Мою невинность высмеивали. Я краснел, стыдился ее, она тяготила меня, как порок. Женщина предложила мне себя.[62] Я был с ней и покинул ее объятия с отвращением и горечью, зато теперь среди завсегдатаев кафе мог разыгрывать Ловласа и за чашей пунша произносить непристойности, как все. Итак, я был мужчиной и посчитал разврат своим долгом — более того, я хвастался этим. В пятнадцать лет я болтал о женщинах и любовницах.

Ту женщину я возненавидел. Она приходила, я принимал ее. Она расточала улыбки, противные, как мерзкие гримасы.

Совесть мучила меня, словно любовь к Марии была верой, а я ее предал.

XVII

Где же наслаждения, что снились мне, где восторженные порывы, какие воображал я во всей чистоте неопытного детского сердца?

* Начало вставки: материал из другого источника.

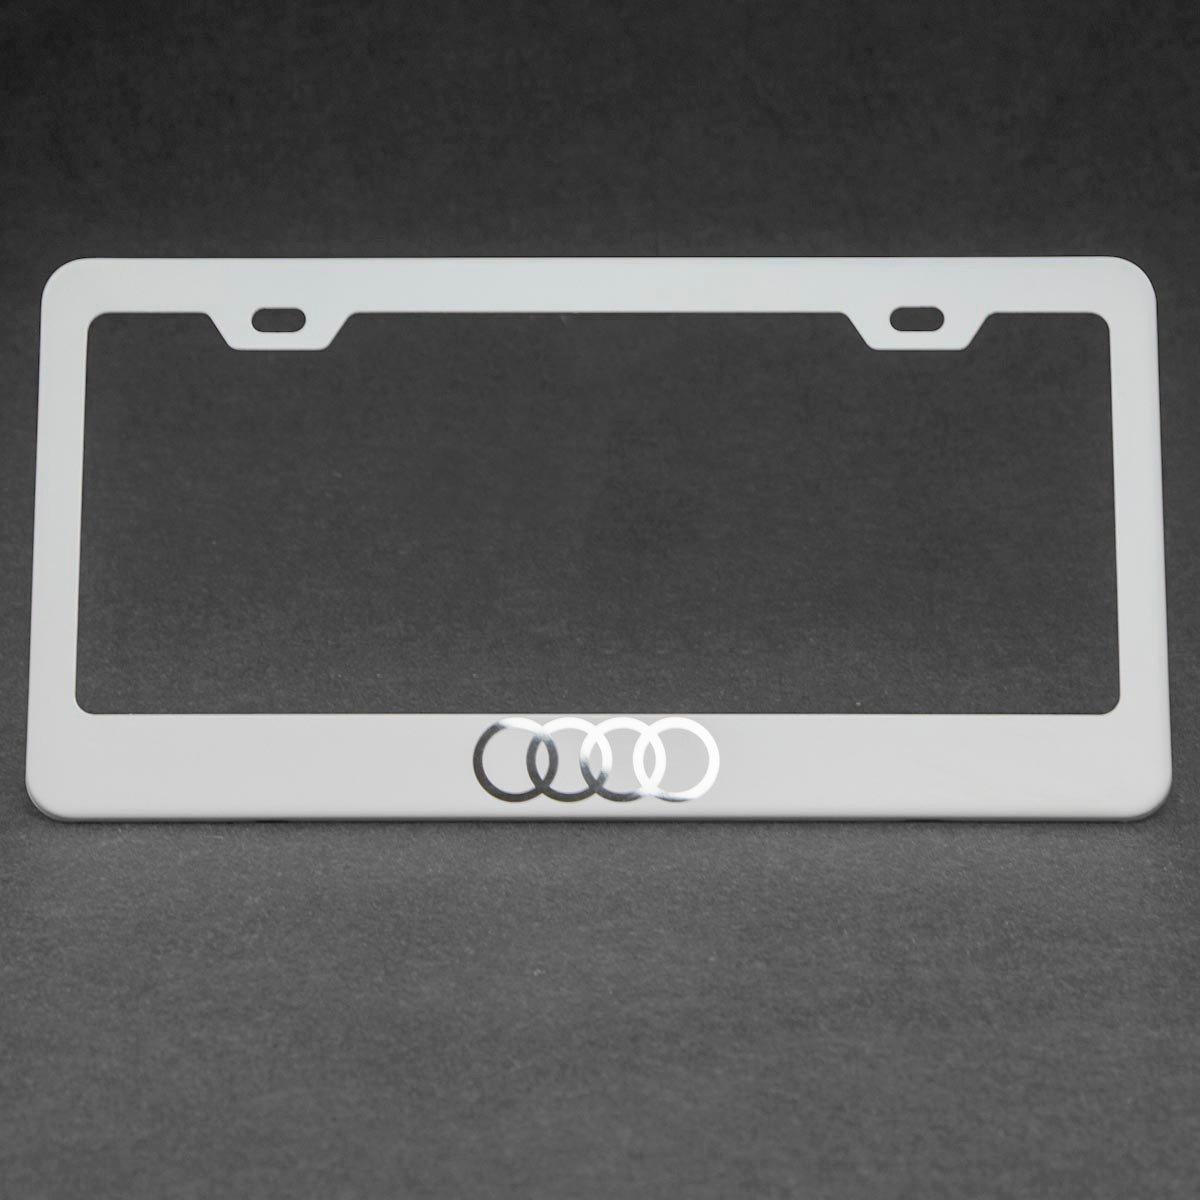 One Matte White Audi Logo Mirror Stainless Steel License Plate Frame Holder Front Or Rear Bracket
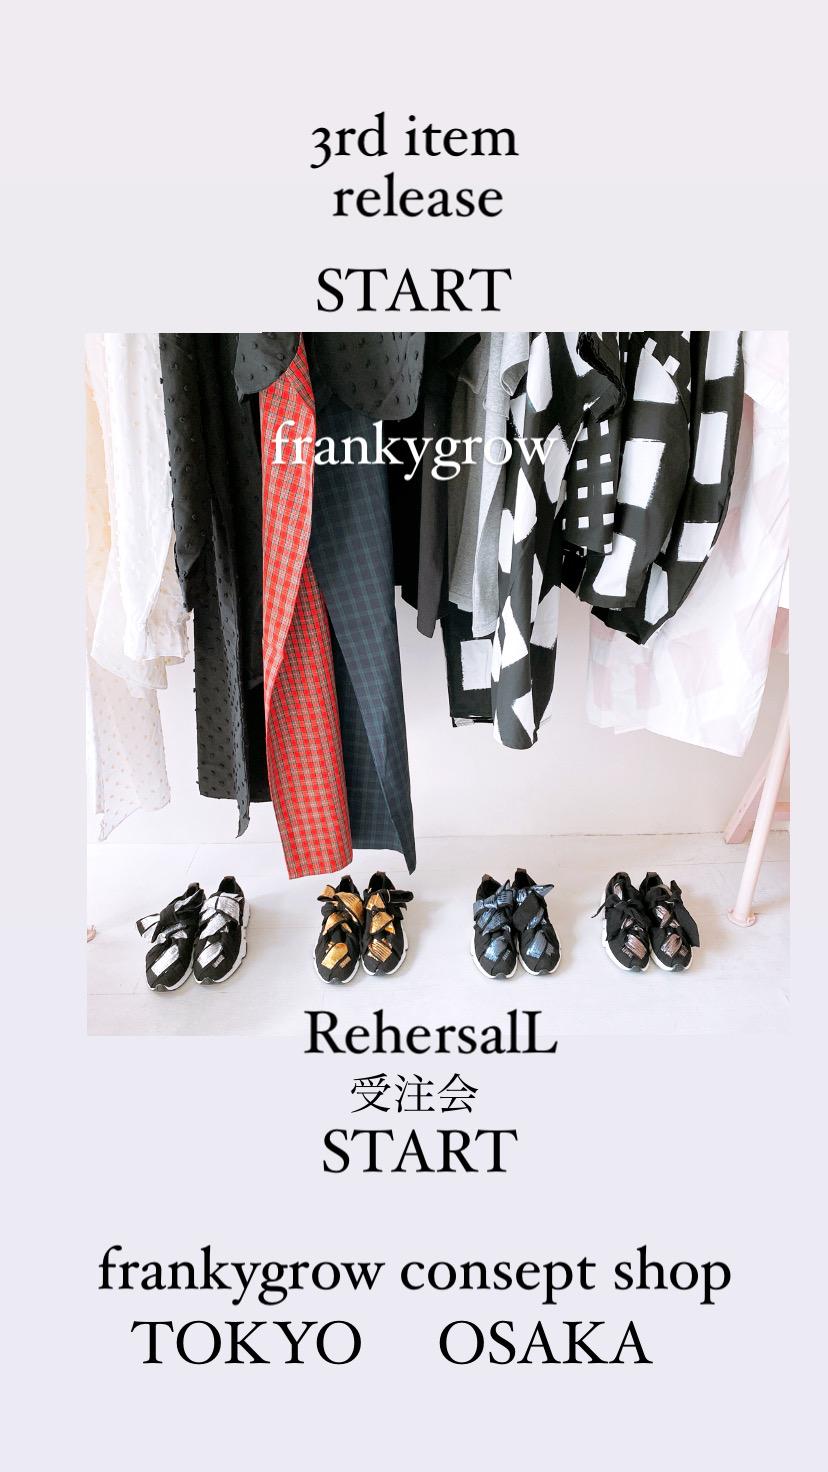 frankygrow+RehersalL coordinate

Так все сводится к этому? Неужели кроме равнодушного обладания нет ничего иного, более высокого, более значительного, похожего на священный экстаз? Нет! Все было кончено, разврат погасил божественный огонь в моей душе. Мария, твой взгляд зажег любовь, а я вывалял ее в грязи, растратил впустую с первой попавшейся женщиной, равнодушно, без желания, из детского тщеславия, горделивой расчетливости, чтобы больше не стыдиться распутства, не смущаться оргий! Бедная Мария…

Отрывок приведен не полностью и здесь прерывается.